Before we jump into the role of water management in the circular economy, you might be wondering, what exactly is the circular economy? The circular economy means moving away from today’s linear model of production and consumption based on “take, make, waste” ─ people take resources from the environment, make and use goods, then waste resources by throwing them away. In this linear model, the lifecycle of most resources is cradle-to-grave. And as global consumption grows, this model puts significant pressure on our planet and, ultimately, reduces our shared natural resources.

By contrast, a circular economy has no beginning or end. Resources are used more efficiently and for as long as possible. When their useful life is over, they are renewed or put to a new purpose. The lifecycle is cradle-to-cradle by design. It significantly improves resource efficiency.

Improving an already circular system

Of course, the water cycle is already circular. Cycle is in the name. So, if you’re operating a wastewater treatment plant, you might be wondering what else you can do. How does water treatment play a role in the circular economy?

At Kemira, we take our cue from the United Nations Sustainable Development Goals (SDGs), a global roadmap for sustainability and prosperity based on 17 interlinked goals. UN SDG 12 is dedicated to sustainable consumption and production.

Based on the principles of SDG 12, we believe there are several ways to make water management even better: designing out waste, keeping products and materials in use, and regenerating natural systems.

Read more about SDG 12 at Kemira.

Design for low or no waste

While many aspects of water treatment do indeed reflect the cyclical nature of water, municipal water operators that adopt a circular mindset by designing for low or no waste can open the door to new opportunities. We see one area of interest for wastewater treatment plants (WWTPs) in particular: biogas from sewage sludge.

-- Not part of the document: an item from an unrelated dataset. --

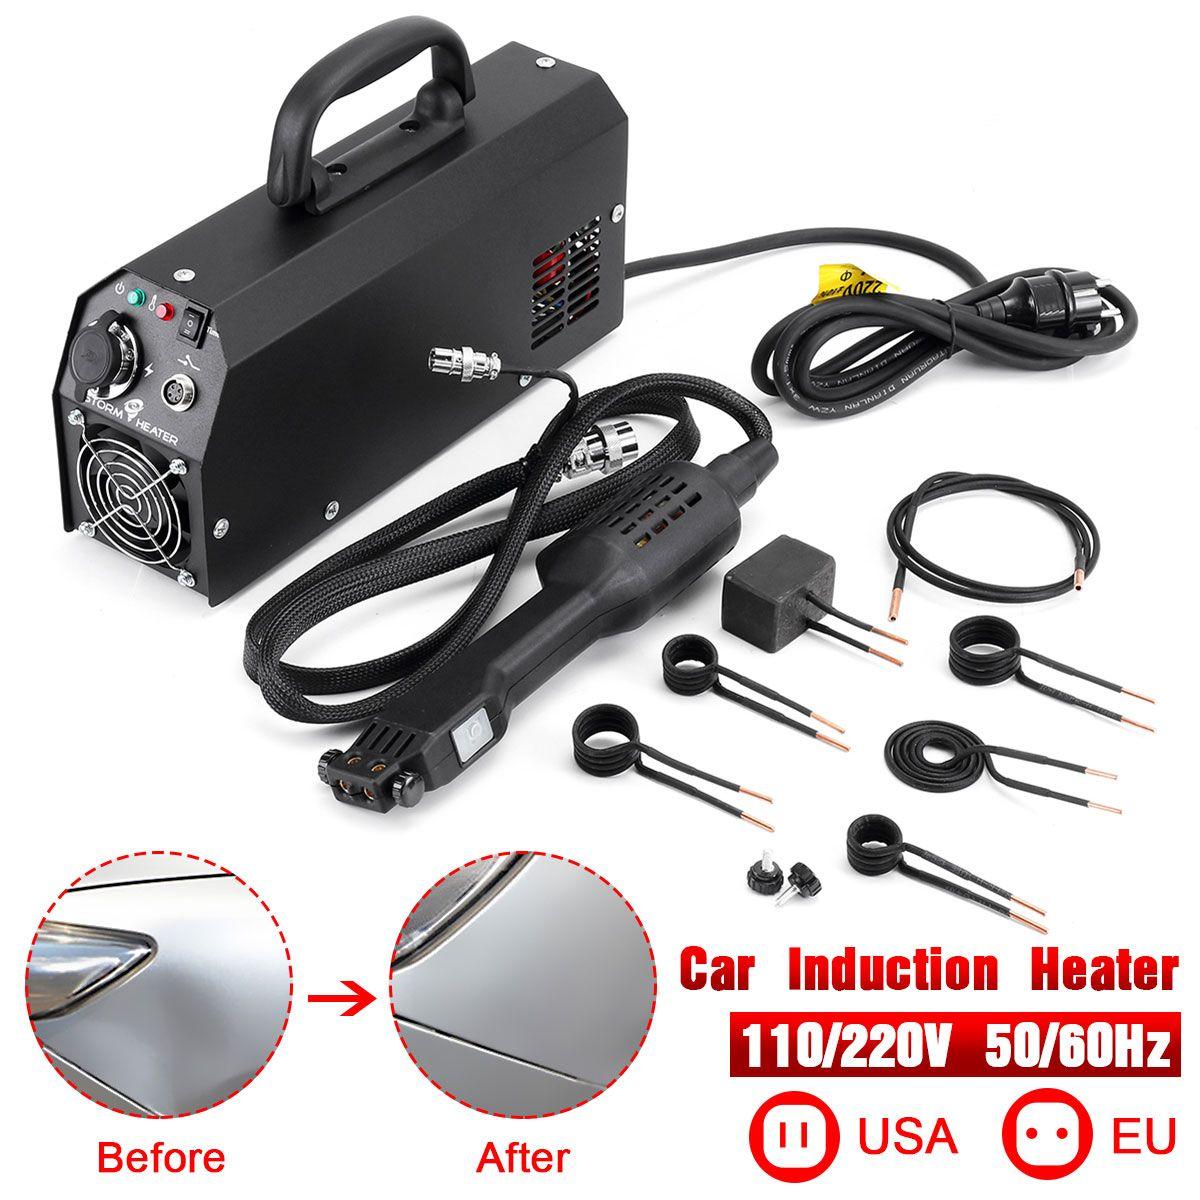 110/220 V 2000W Car Induction Heater Repair Machines Tool Paintless Removing for Car Repair Removal of Dents Car Body Repair

“Biogas is becoming an increasingly valuable byproduct of the wastewater treatment process. Using a byproduct to power the process creates a circular economy. It can also be a source of additional revenue for the plant,” explains Ricardo Colon, one of Kemira’s advanced water treatment experts. Biogas production will lower waste while enabling WWTPs to become more energy self-sufficient.

Using a byproduct to power the process creates a circular economy.

Another way to lower waste is to implement smart water treatment technology. Real-time, automated processes optimize resource use.

Making the most of all materials

When designing for the circular economy, water treatment facilities can also identify ways to collaborate across industries to recycle and reuse.

Consider this. 70–80% of all raw materials used in Kemira’s coagulant manufacturing are recycled by-products from other industries. In Finland, we have even gone a step further and started mining a landfill that contains several million tons of ferrous sulphate raw material. In other words, we are putting 30 years of industrial by-product back to use.

But you don’t need a landfill nearby to find opportunities. Perhaps something that hits closer to home for some WWTPs is water reuse.  This, too, is an example of keeping a resource in use. WWTPs can distribute purified water for irrigation and other purposes instead of returning it to natural waterways. This would help certain water-stressed communities that are battling more frequent and severe droughts due to climate change.

Regenerating natural systems

The circular economy must consider natural systems and design with regeneration in mind. WWTPs already do this by ensuring effluent is safe for local waterways. But we can think of at least one other area worthy of attention and that’s nutrient recovery and recycling – particularly phosphorus.  Farming and forestry often deplete soils of nutrients. Sludge from WWTPs is full of phosphorous; why don’t we capture it and put it back in circulation? Not only does it regenerate the soil, it supports sustainable food production by restoring soil quality and reducing reliance on phosphorous from mines.

Collaborating for a circular economy

At Kemira, we believe there are many opportunities for water treatment facilities to contribute to UN SDG 12. Collaboration across the supply chain will be key. At Kemira, we’re integrating circularity into our own strategy and working with water industry partners to make the most of our world’s shared natural resources.